President Obama, as leader of the nation, and inheriting a morally corrupt military system that came into existence long before he assumed office, may not be able or willing to publicly call upon the American people to atone for the war crimes of our own time: above all, the crime of using money and instant social stature to entice financially and emotionally vulnerable young adults into fighting wars in the name of the entire nation, as the rest of us play golf and download our new apps.  But today,Friday, May 27, 2016, he has created the emotional space for all of us to put down the blinders of cheap and idolatrous nationalism, and to pray for the moral enlightenment necessary to end the sin of unjust war, of which a pay-incentivized soldiery is its most basic staple.

I will continue to take time out each Memorial Day to remember all of our fellow citizens, past generations and our own, who have died in the nation’s wars.  But 2016 is not 1945.  The U.S. military system that once toppled Nazi Germany is surely not the same U.S. military system that helped midwife ISIS into existence.  The American men of 1945 – those who saw the battlefields in Europe and the Pacific along with those who did not – are not the same post-Schwarzeneggar, post-Stallone, post-violence-glorifying video game men from this generation; men whose distorted, caricatured notions of masculinity have created the very seedbed for the pointless, immoral “you die, and we’ll clap” wars in the name of our country.  It makes zero sense to abide by that vast moral grey zone between 1945 and 2016: a grey zone gladly, earnestly foisted upon us by the military-industrial-congressional complex.

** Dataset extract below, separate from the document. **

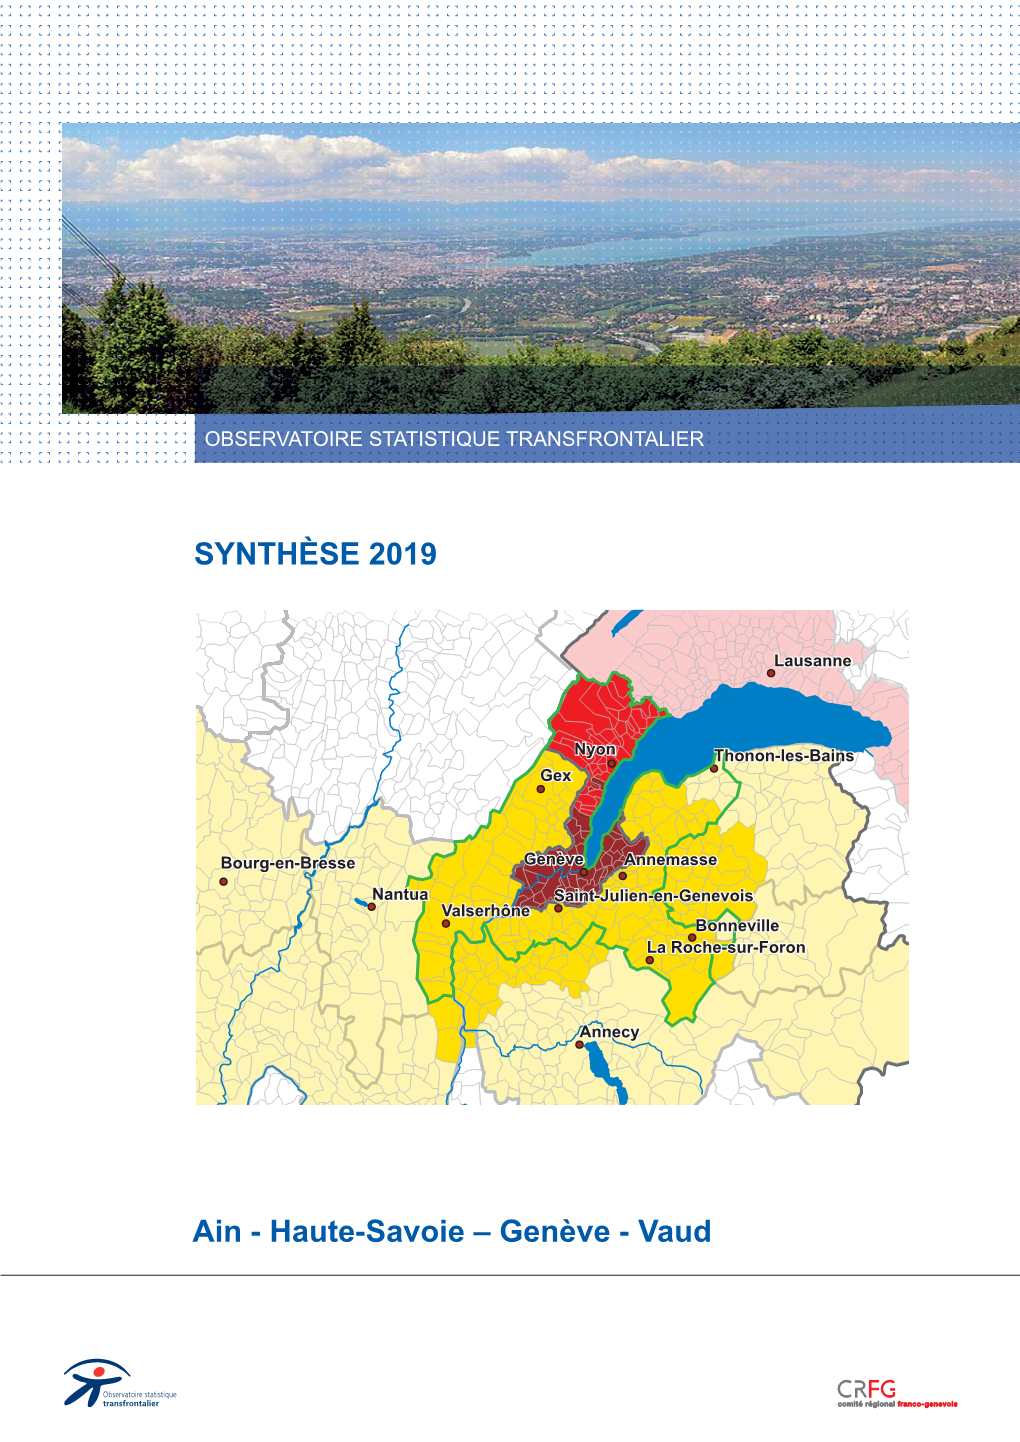 Observatoire Statistique Transfrontalier, Synthèse 2019
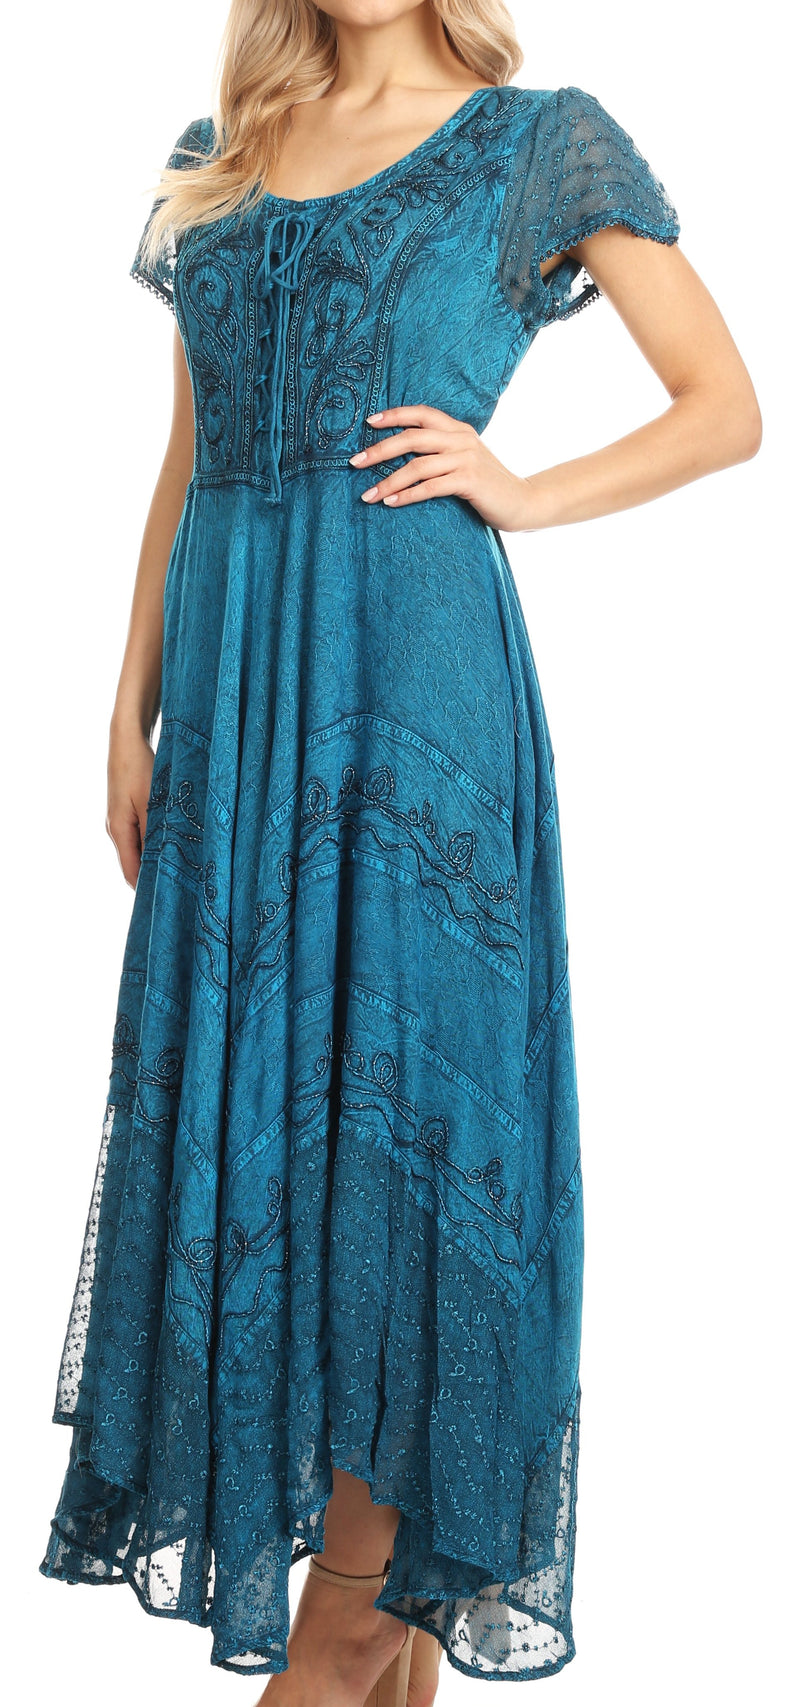 Sakkas Marigold Embroidered Fairy Dress

The reality is that life and the stain of human sin – so easily concealed in red, white and blue – are too complex to tolerate any grey or blurred lines between just wars, built on shared risk, and unjust wars that simply exploit the most financially and emotionally vulnerable among us, built and sustained as they are by the collective cowardice and silent acquiescence of the rest of us.

Though there is much to critique in President Obama’s presidency, he is, simply as a human being, an extraordinary man.  He is a space creator - an emotional space creator, that is.  And with his speech in Hiroshima today, he has arguably created the space to henceforth designate the Friday before every Memorial Day Monday as National Atonement Day.

We need it.  And for that alone, I thank him.